Bata Kindai Amgoza ibn LoBagola (1877–1947) was an early 20th-century American impostor and entertainer who presented an exoticized identity as a native of Africa, when in reality he was born Joseph Howard Lee in Baltimore, Maryland. Despite an impoverished start in life and a lack of education, and a series of scandalous arrests related to homosexual activities, mainly involving underage individuals, LoBagola maintained a long and colorful career posing as an African "savage", during which he delivered lectures to many institutions and conducted public debates.
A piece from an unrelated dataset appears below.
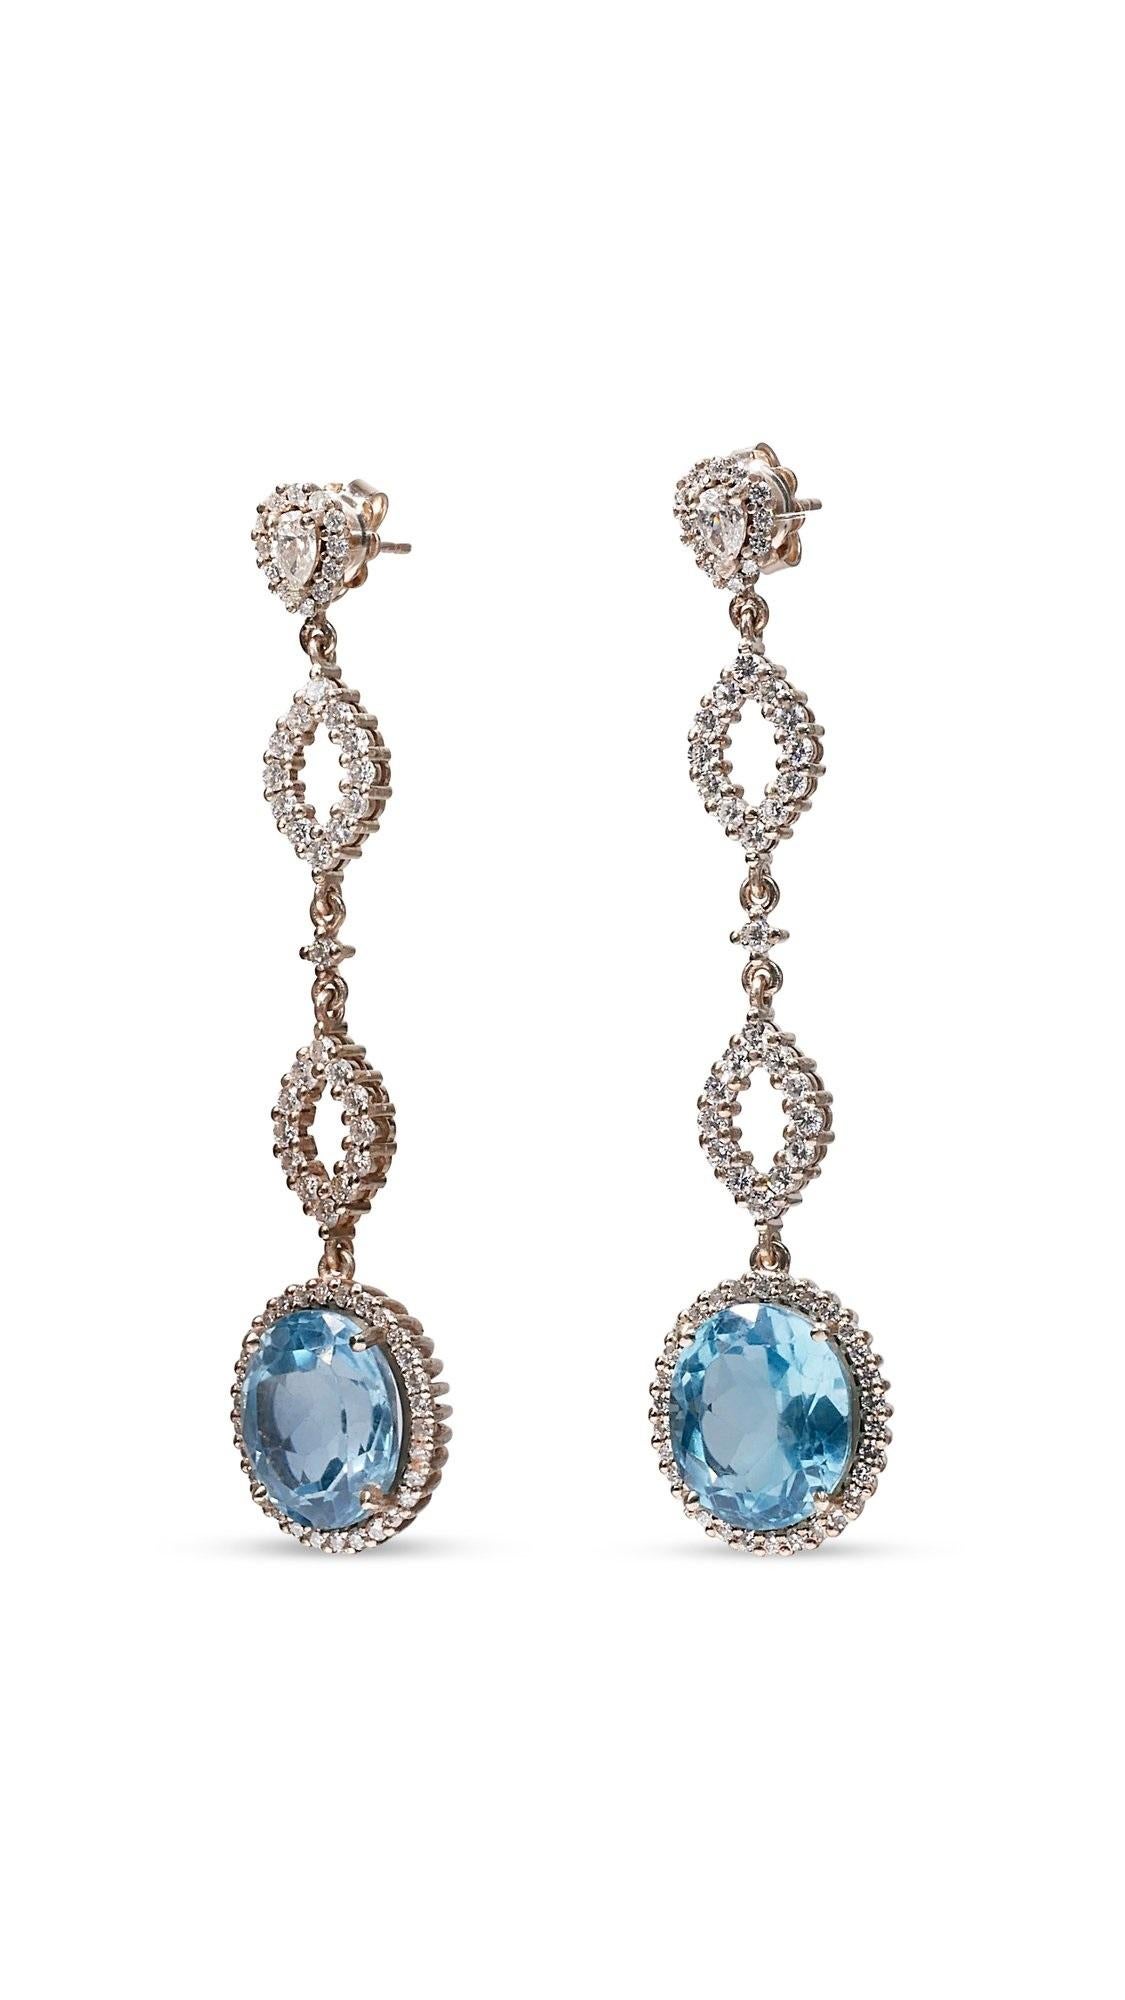 18k White Gold Drop Earrings with 17.37 ct Natural Topaz and Diamonds IGI Cert In New Condition For Sale In רמת גן, IL

LoBagola; an African Savage's Own Story
LoBagola published some articles in Scribner's Magazine in 1929 and the publishers A.A. Knopf decided to produce a book version to be titled LoBagola; an African Savage's Own Story, in an attempt to capitalise upon the then-current vogue for "exotic customs" of "places untouched by Europe". Knopf made much of LoBagola being a "savage" from a region of Africa supposedly never visited by white people, though LoBagola described himself as a "Black Jew", claiming that he was descended from people who had fled the Holy Land following the destruction of Herod's Temple.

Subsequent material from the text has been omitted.